- [Exercise requirements]: The goal is a clean copy of all the data below, with pictures dropped and everything else retyped exactly.
[Data segment Boundary: Start]
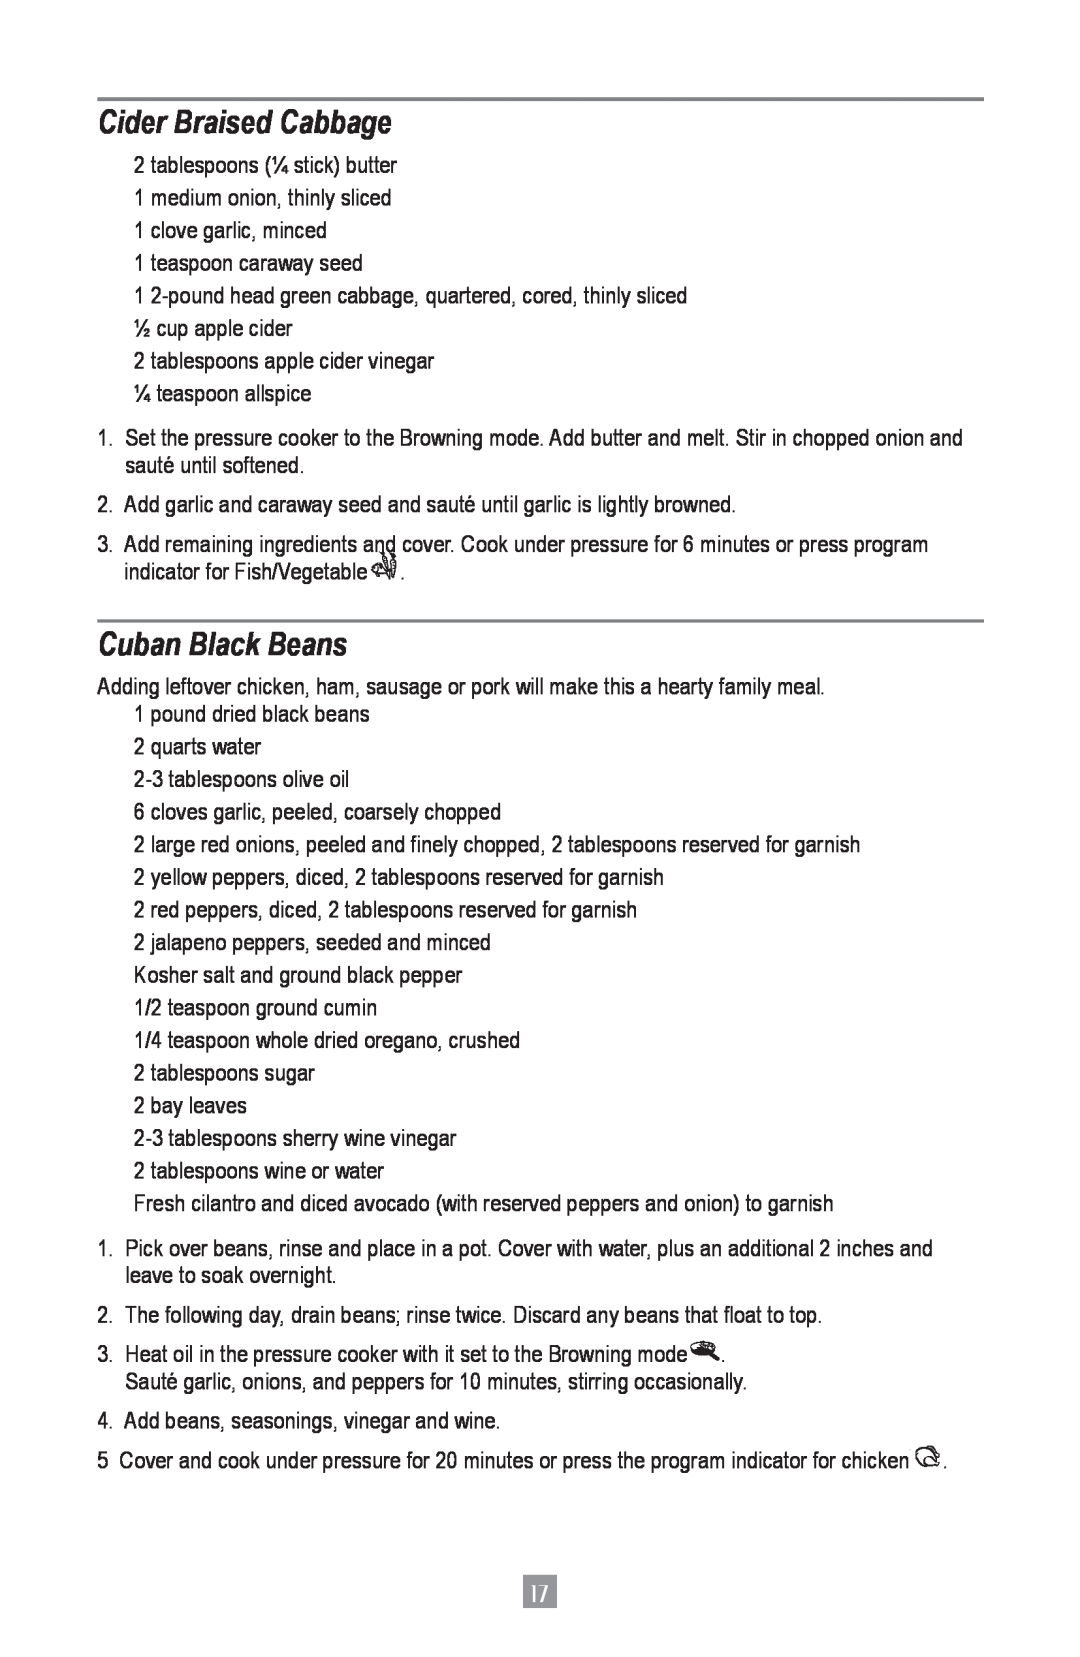 Oster 4801, Oster Digital Pressure Cooker instruction manual Cider Braised Cabbage, Cuban Black Beans 
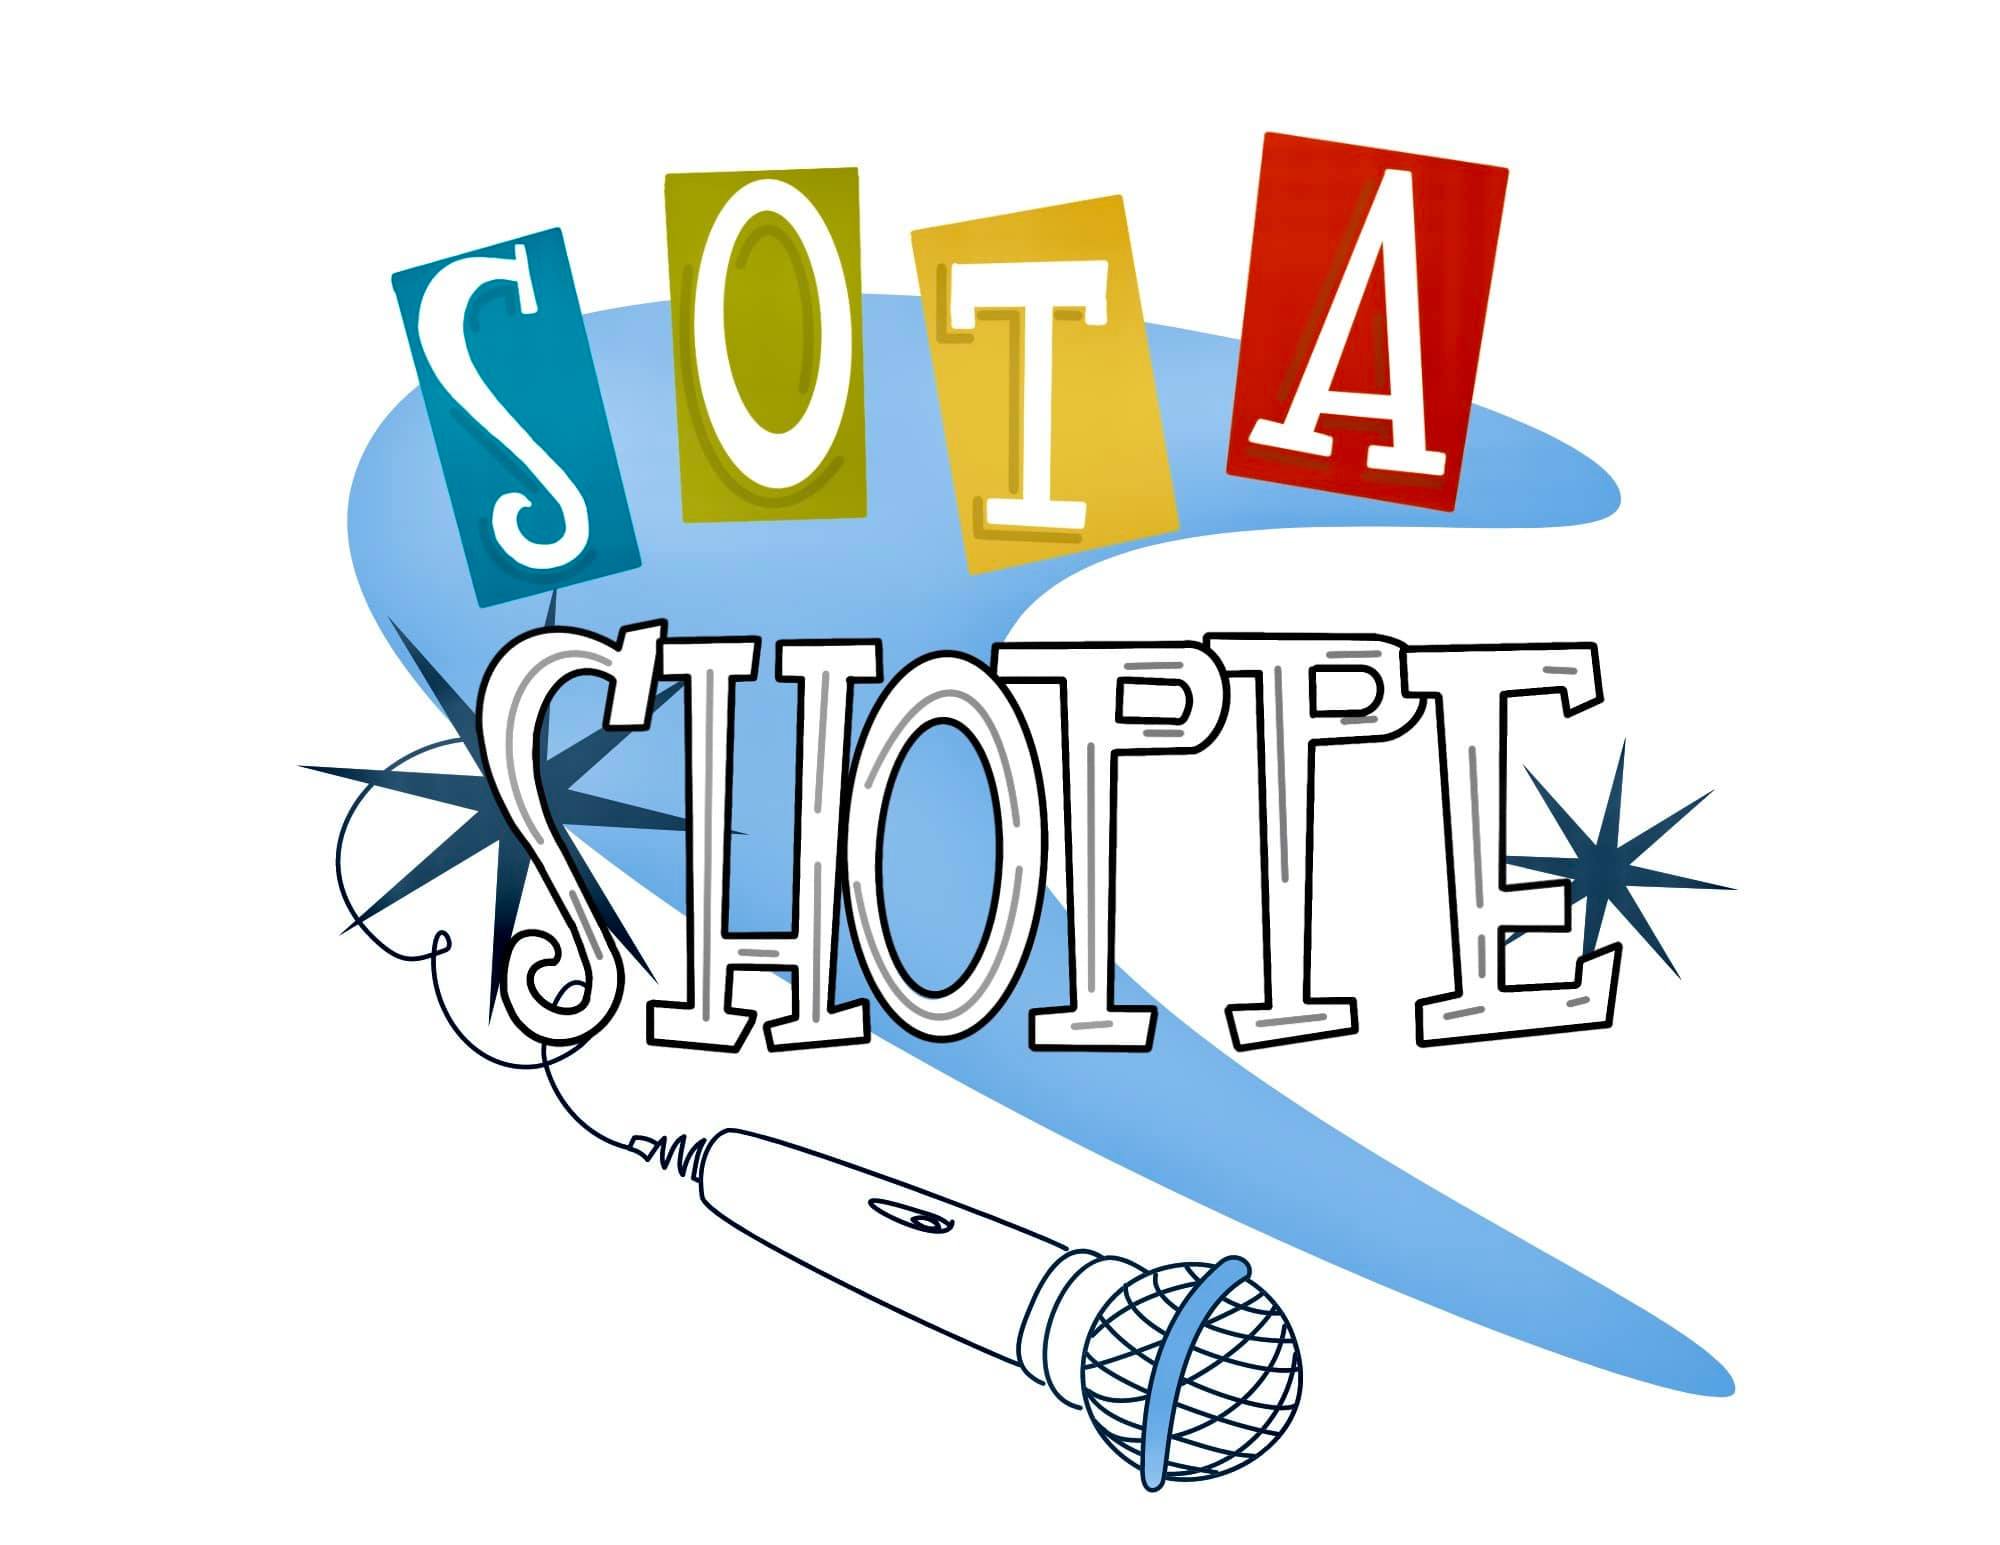 SoTA Shoppe
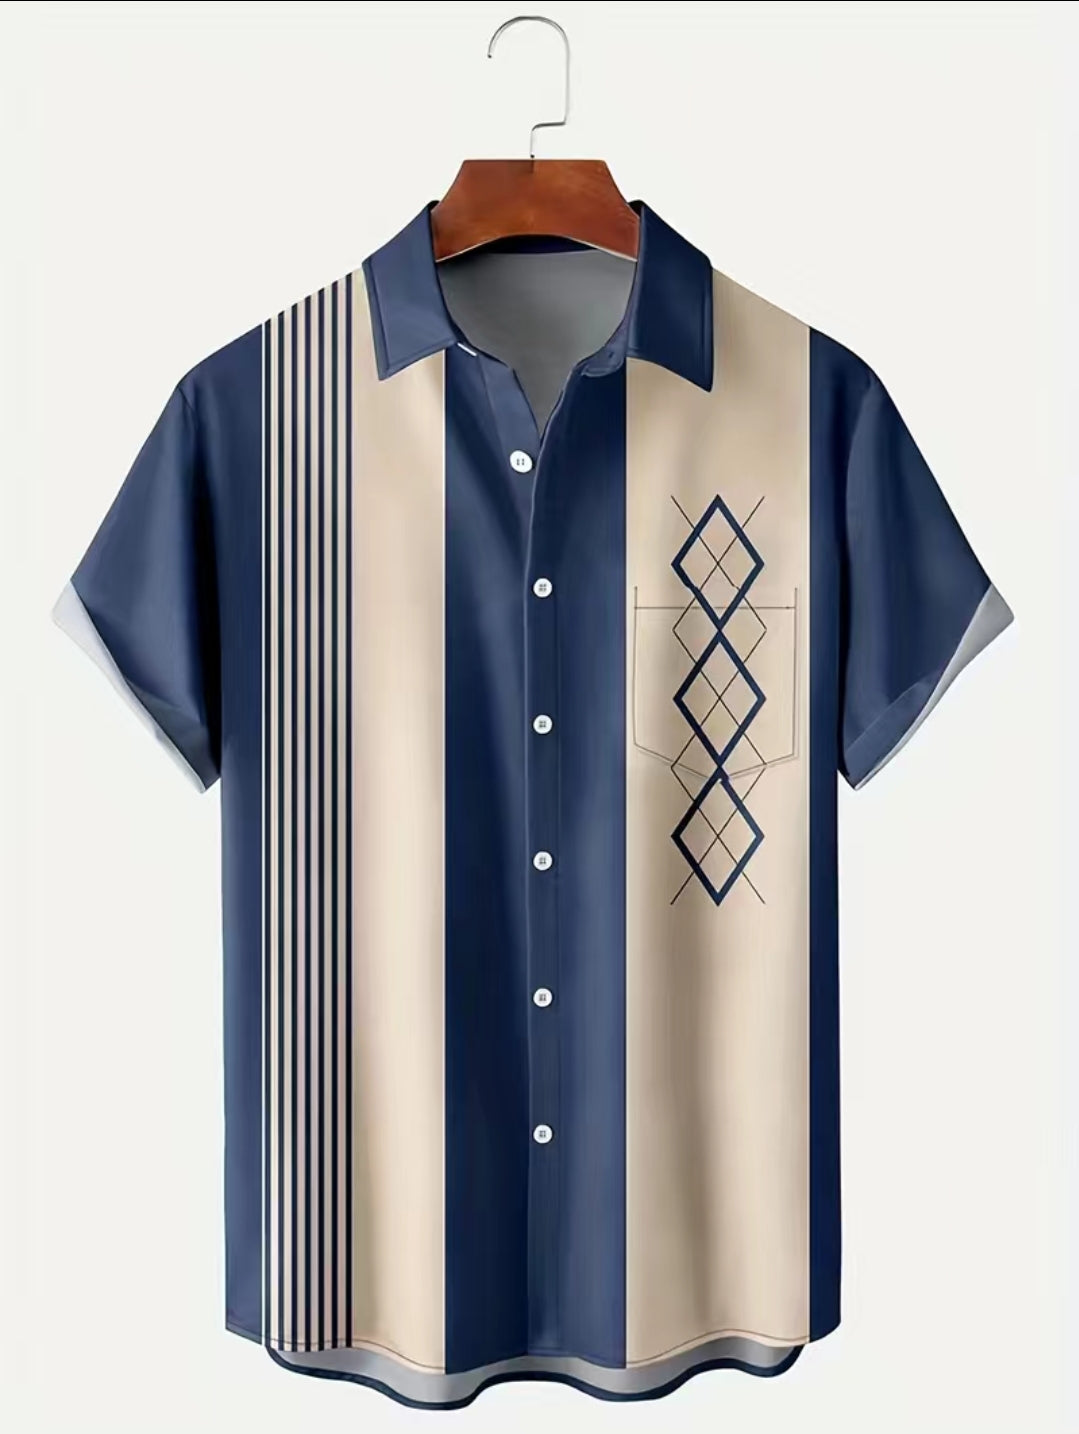 Geometric Vintage Style Button Up Shirt
[Data segment Boundary: End]
- [Output for this task]:
 Oster 4801, Oster Digital Pressure Cooker instruction manual Cider Braised Cabbage, Cuban Black Beans 
 SoTA Shoppe
 Geometric Vintage Style Button Up Shirt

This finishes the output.